仁木英之『魔王の子、鬼の娘』  鬼と人の狭間の旅路で織田信忠が見たもの


 以前「読楽」誌に読み切りとして掲載され、アンソロジー『妙ちきりん』にも収録された物語が、長篇として帰ってきました。父とほぼ時同じくしてこの世を去ったはずの織田信忠を主人公に、人と人以外――鬼たちの姿を描く異形の戦国活劇であります。

 明智光秀の謀反により父・信長が本能寺で炎に消え、自分もまた、二条城の炎の中で死を目前とした織田信忠。しかし次に目覚めた時に彼がいたのは信州――かつて彼が妻に迎えようとした人の故郷であり、そして彼が滅ぼした武田家が治めていた地でありました。
 そこで彼の前に現れたのは、武田勝頼と、信忠の義姉の間に生まれたという少女・霧――昼の間の穏やかな人格と、夜の間の皮肉で苛烈な人格の二つを持つ彼女は、ある者の手により、信忠は鬼の王の面をつけて生き延びたことを告げるのでした。

 大きすぎる運命の変転に戸惑う信忠。

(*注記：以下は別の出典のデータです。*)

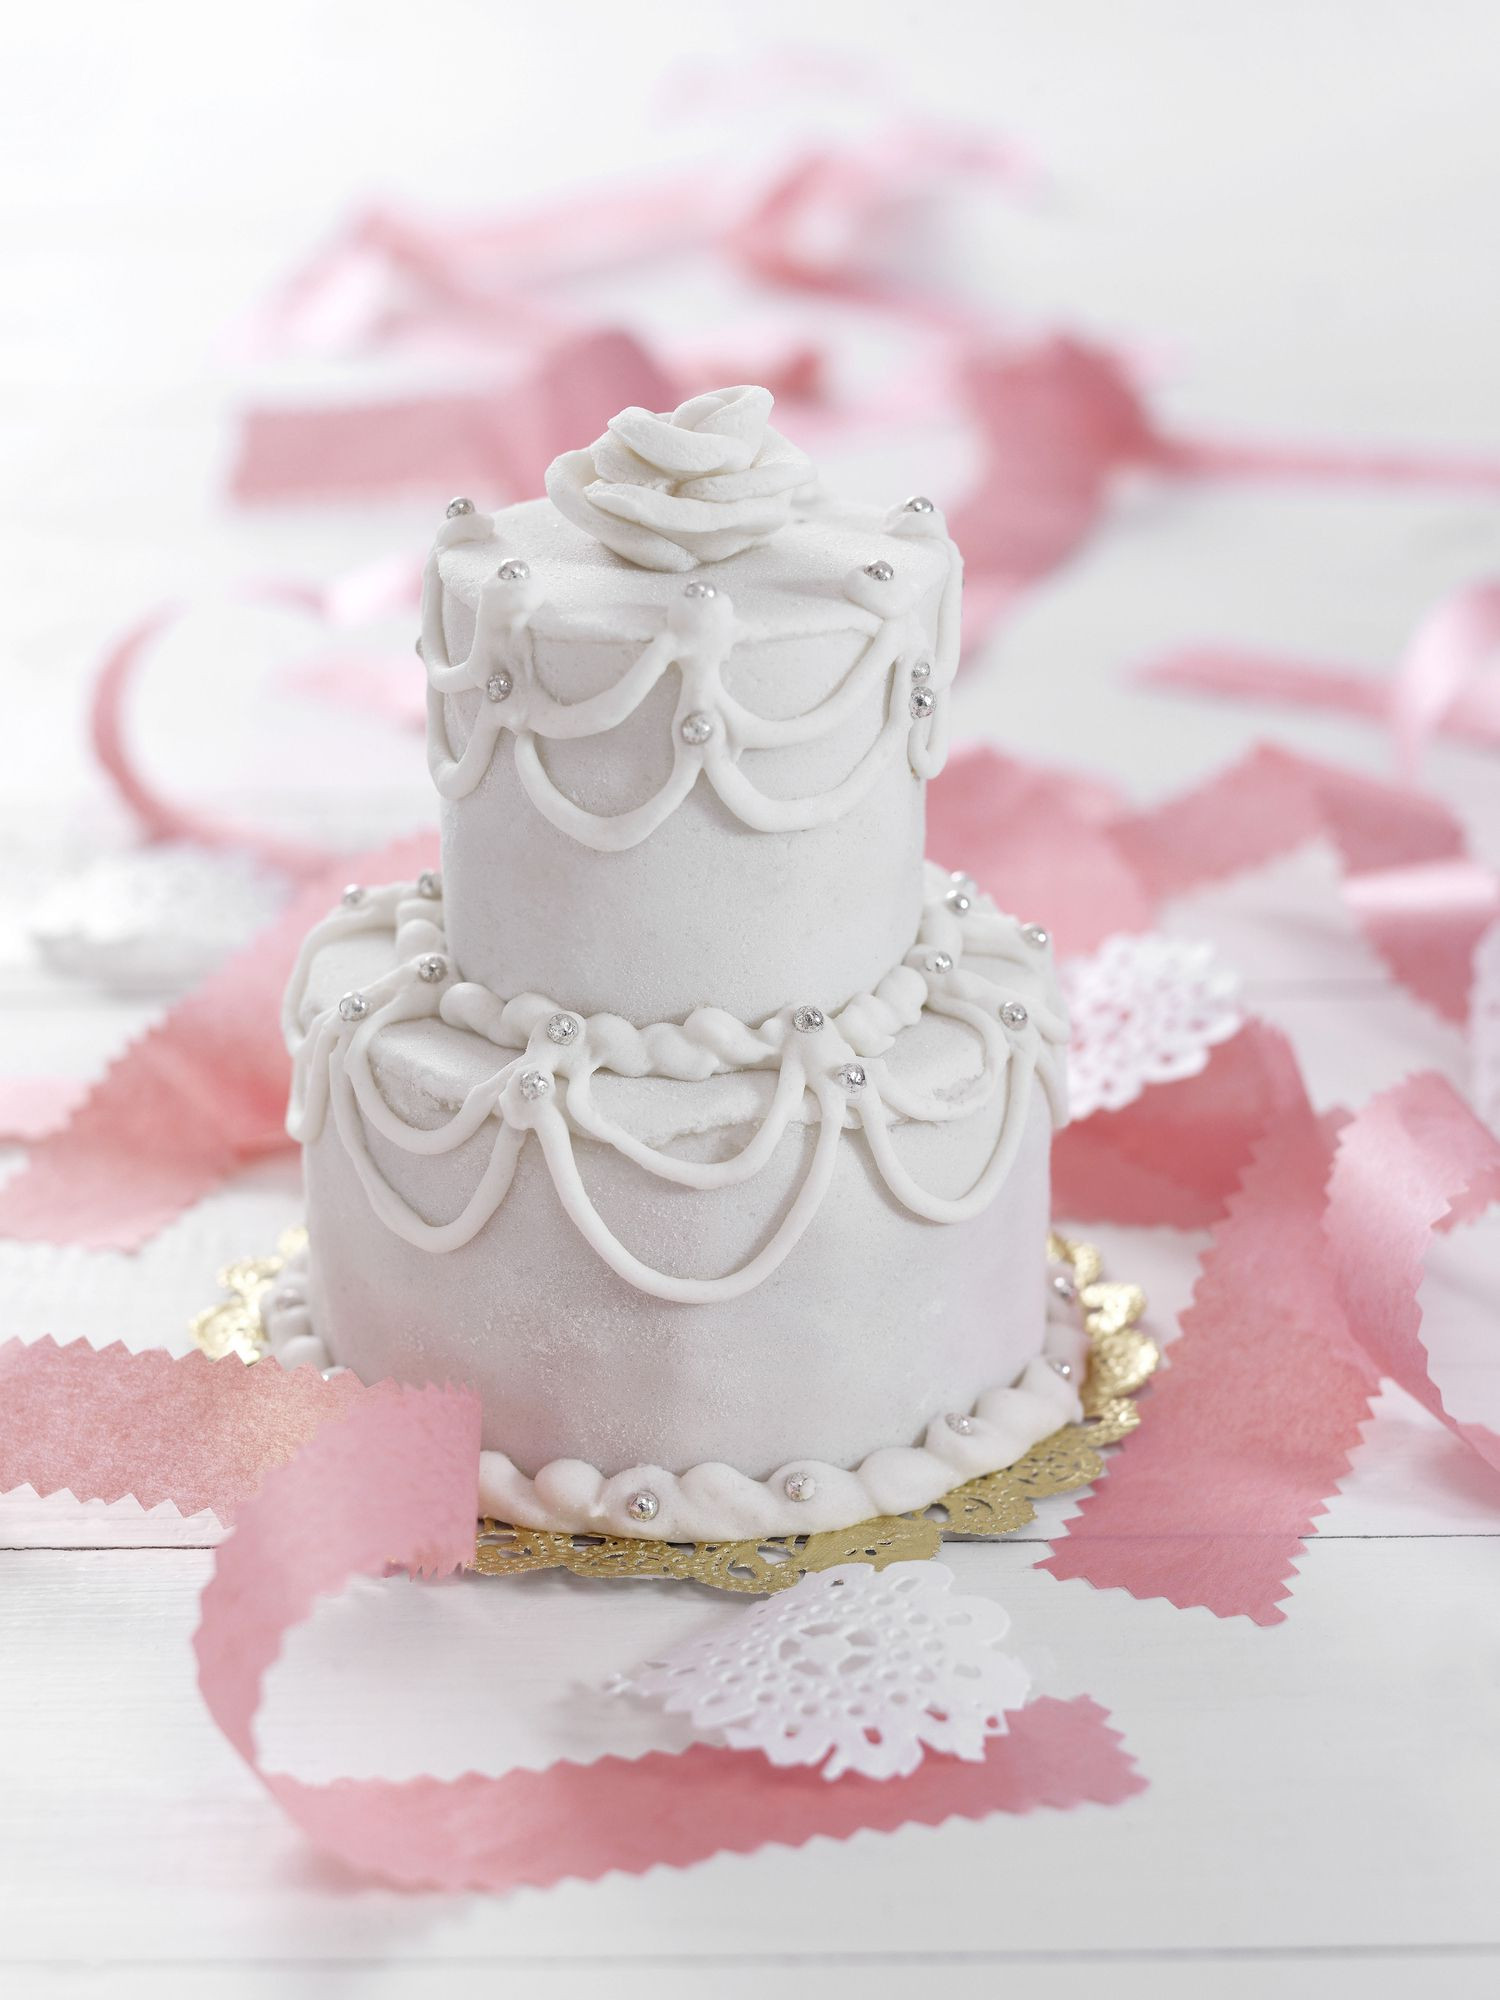 Make Wedding Cakes
 How to Make a Wedding Cake a Beginner s Guide

さらにその前に現れた死んだはずの信長は、自分が魃鬼(おに)たちを従えた魔王となったと宣言するではありませんか。
 この国の安寧のために戦っていたと信じる父の変貌を嘆きつつも、魃鬼の力を用いて天下を狙う父に挑むことを決意した信忠は、霧とともに旅立つことに……

 という短篇版を物語の冒頭部分、第一章として始まる本作。この後、甲府を旅立った信忠と霧は、三日天下で光秀が敗れた末に信長の後継者を巡る駆け引きが始まったことを知り、京に向かうことになります。
 人に似て人ならぬ者、古の民の系譜を継ぐ者たちの道「山の道」を急ぐ二人。しかしその前に現れた童顔に巨躯の異形の存在・鞍馬の月輪が、信忠の前に立ちふさがります。

 織田の旗印を掲げた軍勢により故郷を焼かれたという月輪と激突し、何とかこれを下した信忠は彼を一行に加えますが――同様に何者かによって古の民の末裔たちが襲撃を受けていることを知るのでした。
 その背後に蠢く、人を鬼に変える鬼成りの蟲を操る者の存在。光秀の生存も囁かれる中、旅を続ける信忠たちが最後に出会う者とは……


 信長の天下布武の結末というべき本能寺の変から始まる本作。そこで信長が生存/復活したり、信長が魔性の者となる/であった作品は枚挙に暇がありませんが――しかしそこに信忠が絡む作品は、本作ぐらいではないでしょうか。

 織田信忠――信長の嫡男であり、そして(あるいは名目上のものであっても)信長から織田家の当主を譲られた男。父があまりに有名であるために、そしてその父とほぼ同時にこの世を去ったためにあまり目立たない存在ではありますが、決して無能などではない、実に「面白い」人物であります。
 その信忠が生存して鬼面のヒーロー(?)となり、彼とは因縁深い武田家の娘と行動を共にするという設定の時点で、本作の面白さは半ば約束されたと言えるかもしれません。

 しかし本作のユニークな点は、それに留まりません。本作で描かれる旅の中で、戦いの中で信忠が知るのは、これまで彼とは無縁だった――いや、存在することも知らなかった民たちの存在であり、本作の物語は、そんな人々の姿を描くものでもあるのですから。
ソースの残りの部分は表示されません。